Page 156 - Наше дело правое
P. 156
Миломея была еще жива. Она попыталась приподняться, но без сил
вновь упала. Кузнец подхватил ее и хотел заговорить, но дочь вождя боргов
не позволила:
— Не отчаивайся. Ты кое-что еще можешь сделать. — Голос Миломеи
подрагивал и с каждым словом ослабевал. — Вот, возьми этот медальон и
отдай его моему отцу… Здесь локон моей матери — все, что у него
осталось от нее и меня… И прошу именем Динхадара, именем твоего рода,
ради жизни и правды, если уж нет сил больше держать боевой топор,
обещай мне хотя бы спасти жизнь Алессио.
Ветер шуршал в соломе и убаюкивал уснувшую вечным сном дочь
вождя боргов. Саорм, слушая перестук копыт мулов и скрип старого
дерева, немо раскачивался и сжимал в широких ладонях холодеющую руку
и медальон Миломеи. В сердце по-прежнему было пусто. Но затем, когда в
сарай ворвался свежий, пахнущий морозом порыв ветра, что-то в душе
неуловимо изменилось, заставило мастера, еще не осознающего, что он
делает, подняться и выйти из конюшни.
Крепчал ветер. И Саорму чудилось, что далеко над лесом гудит гром,
словно молот Динхадара гневно бьет о небесную наковальню и взывает к
спящей душе воина.
Когда гном вошел в дом, ставший за один день ненавистным, вся
отрешенность Саорма исчезла.
Баронские солдаты спали. Только место десятника было пусто, а
наверху, на чердаке, бухали в потолок неуверенные шаги.

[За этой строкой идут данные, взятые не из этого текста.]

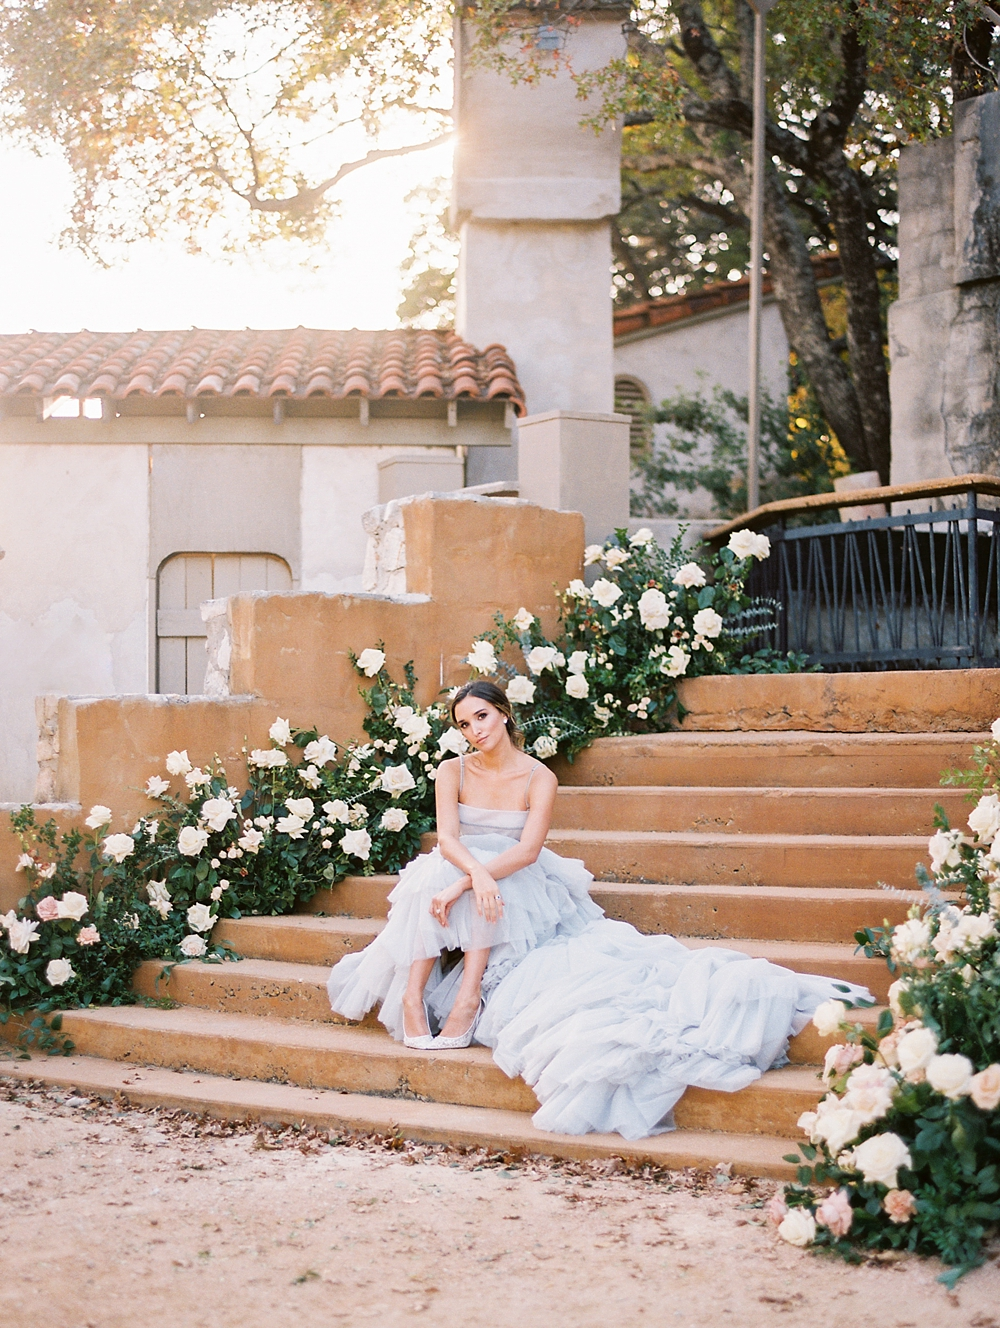 kristin-la-voie-photography-Austin-Wedding-Photographer-Villa-Antonia-8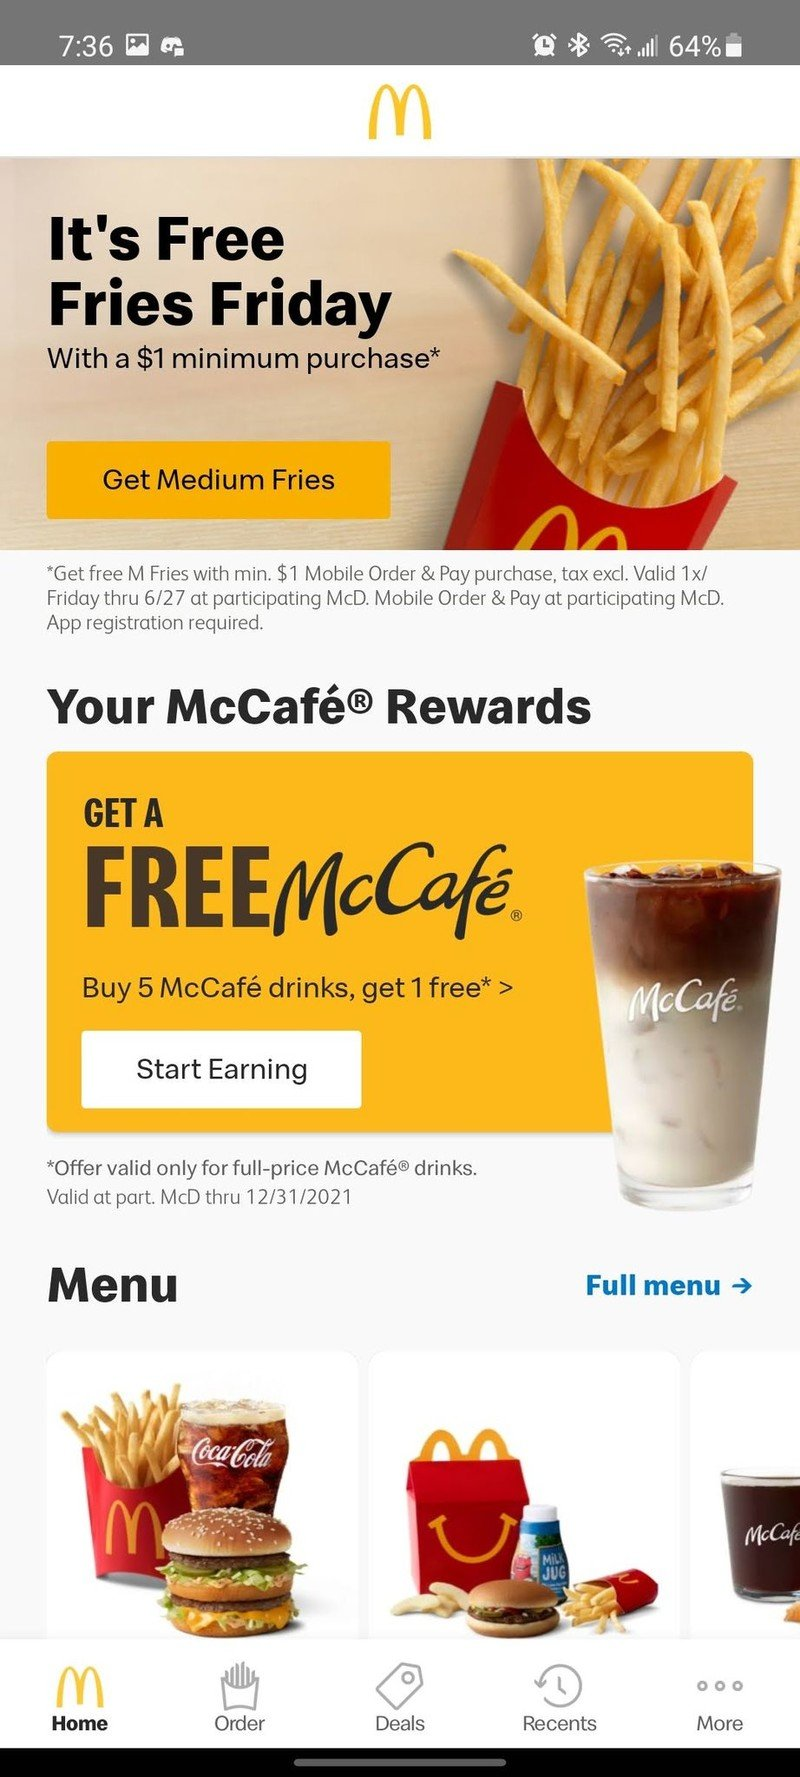 mcdonalds-free-stuff-gamification.jpg

В несколько мгновений мастер вскарабкался по лестнице. Десятник
уже склонился под начинающим просыпаться ребенком. На ходу выхватив
из-за голенища сапога острый длиннолезвийный кинжал, гном нагнал
человека и ударил его в бок. Кольчуга хрустнула и поддалась стали и
сильному удару. Бешено сипя, десятник развернулся, попытался найти у
пояса клинок, но вместо этого получил удар снизу вверх под ребра и
следующий в горло. После чего баронский солдат, хрипя, повалился
навзничь и скоро затих.
Время неуверенности и слабости прошло. Пока в роду есть хотя бы
один живой гном, жив и род, а значит, жива и честь рода.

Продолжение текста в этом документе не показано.